Under the Fifth Republic constitution, the president is either all-powerful with a devoted National Assembly or powerless without one. From now on and for the next five years, Hollande is thus all-powerful: a monarchic president in the grand tradition of Charles de Gaulle. Moreover, he will enjoy complete subservience from the other elected and unelected powers, something de Gaulle could never fully achieve. As of today, the socialist party controls the Senate, Parliament’s Upper House, in addition to the National Assembly. It runs almost all régions (provinces) of France, most départements (counties), and most big cities, including Paris. Most French representatives at the European parliament in Brussels and Strasbourg are socialists, too. And when it comes to the civil society, socialists and other left-wingers dominate — sometimes to the point of suffocating them — the academic, media, and even religious powers.

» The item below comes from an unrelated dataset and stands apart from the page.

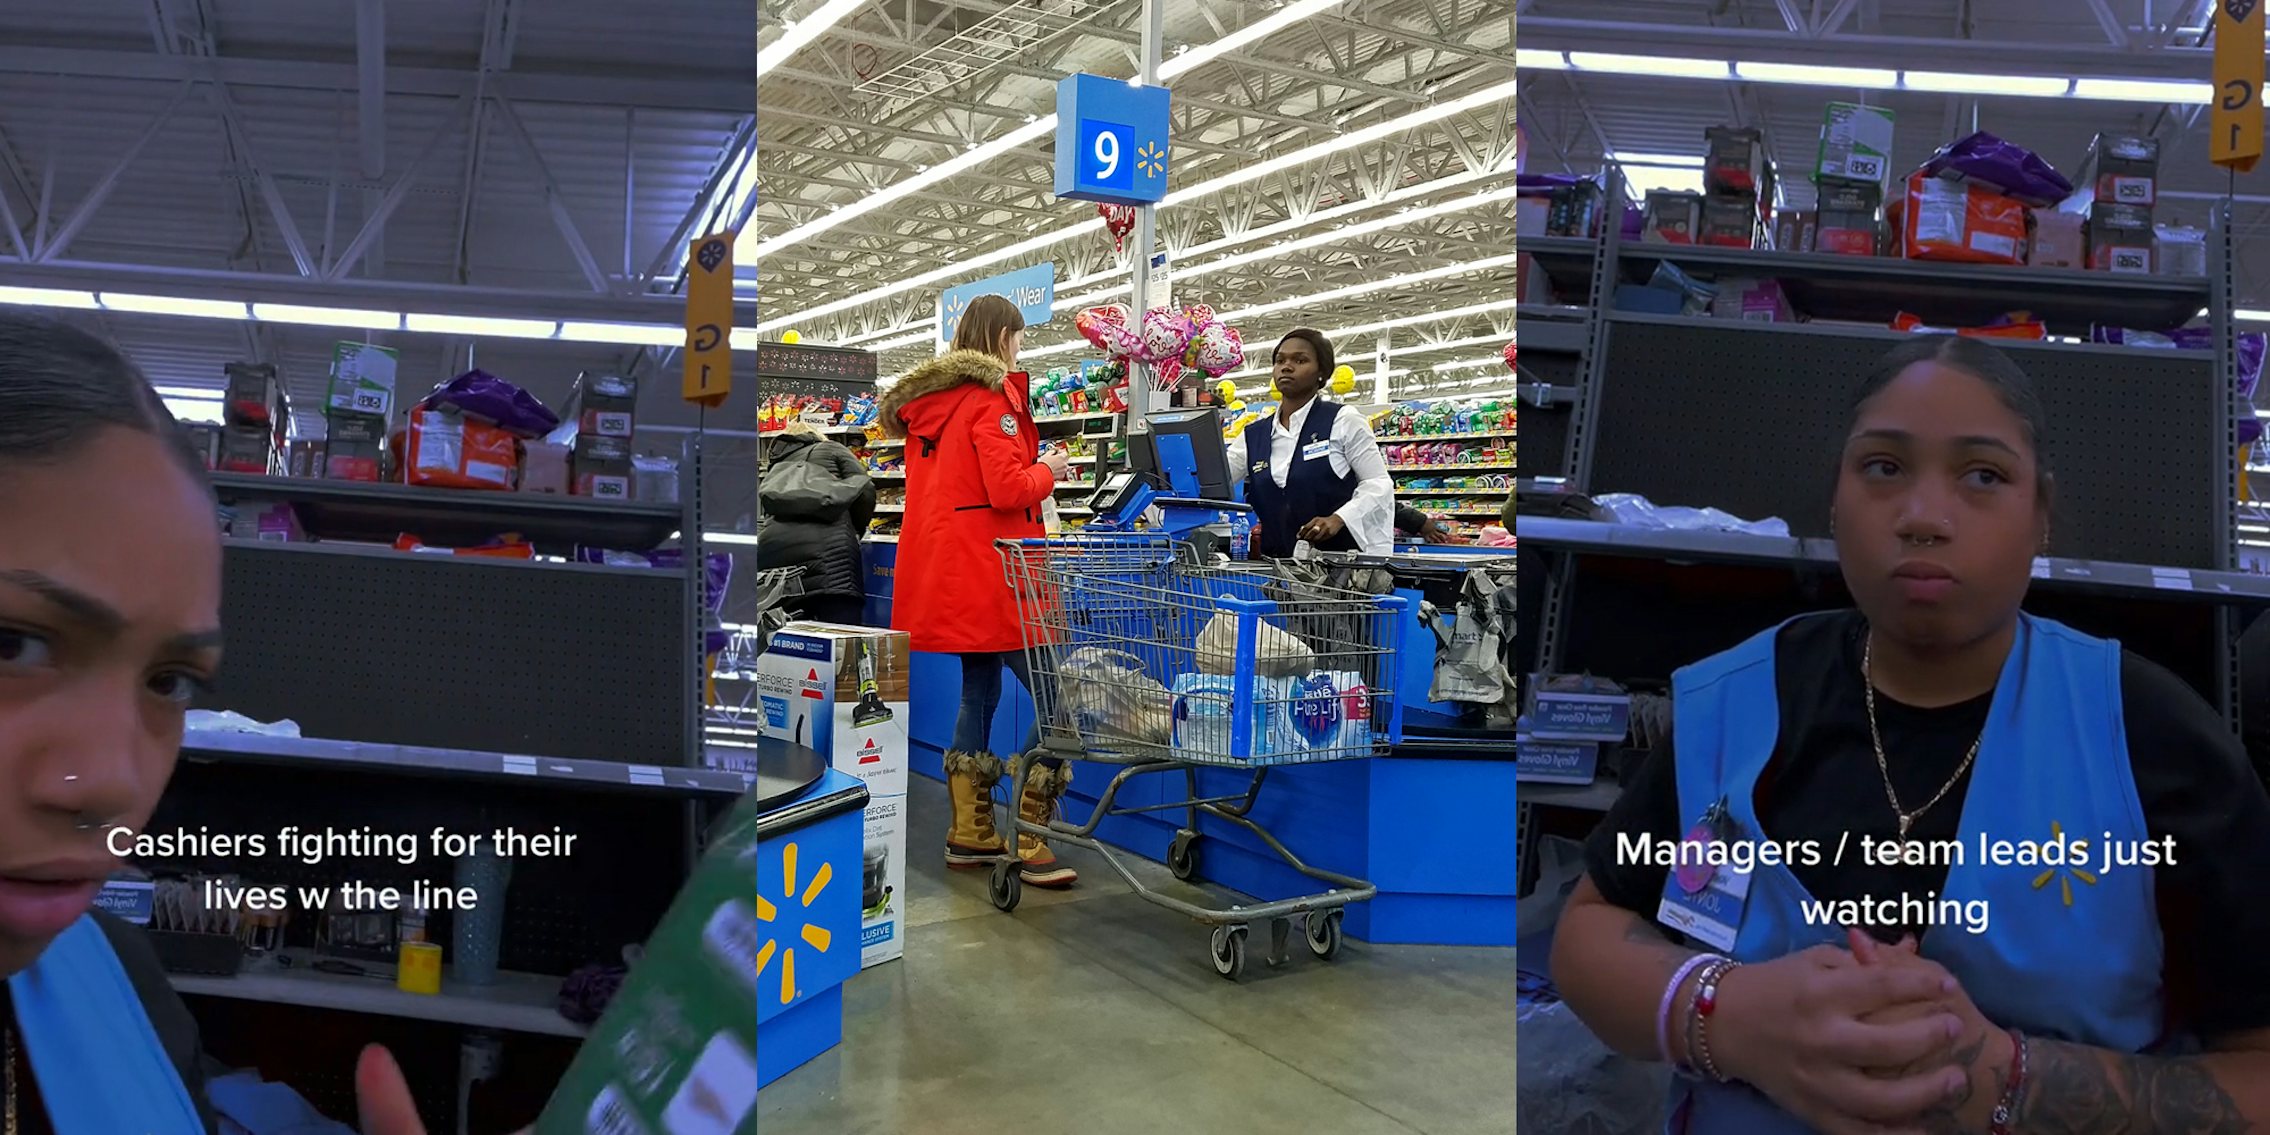 Walmart worker with caption 'Cashiers fighting for their lives w the line' (l) Walmart checkout (c) Walmart worker with caption 'Managers / team leads just watching' (r)

For all that, there are too many pyrrhic elements in Hollande’s victory. First and foremost, it rests on shaky foundations in terms of electoral participation: 43% of the voters abstained in the parliamentary ballot, a very high proportion by French standards. Second, victory depended in many instances on the immigrant orculturally alien” vote — a worrying development — or on triangular ballots where the far right undercut the right. Third, the more powerful and victorious Hollande may look now, the more answerable he is going to be in case of error, failure, or just shortcoming.

Clearly, Hollande and his closest advisors are aware of that. Their bid, so far, is to distance themselves from their quasi-utopian electoral platform and to reconcile with the real world in such a smooth and gradual and honest way that voters will not get angry.

To that effect, Hollande systematically doubled many of his cabinet ministers: while the radical Guyanese Christiane Taubira has been put in charge of the Ministry of Justice, the Spanish-born Manuel Valls, usually described as more right-wing than socialist, heads the Ministry of the Interior (and of the Police). While Arnaud Montebourg, the leader of the Socialist party’s left wing, runs a surrealistic new Ministry of Productive Recovery, Pierre Moscovici, as minister of Economy and Finance, insists on the orthodox policies put forward by his mentor, Dominique Strauss-Kahn, at the International Monetary Fund. While Laurent Fabius, the minister of Foreign Affairs, picked up an Arabist as chief of staff, Jean-Yves Le Drian, the minister of Defense, is seen as staunchly pro-American and pro-NATO. But will the good guys actually prevail at the end of the day?

We will have a clue when the long vacation is over.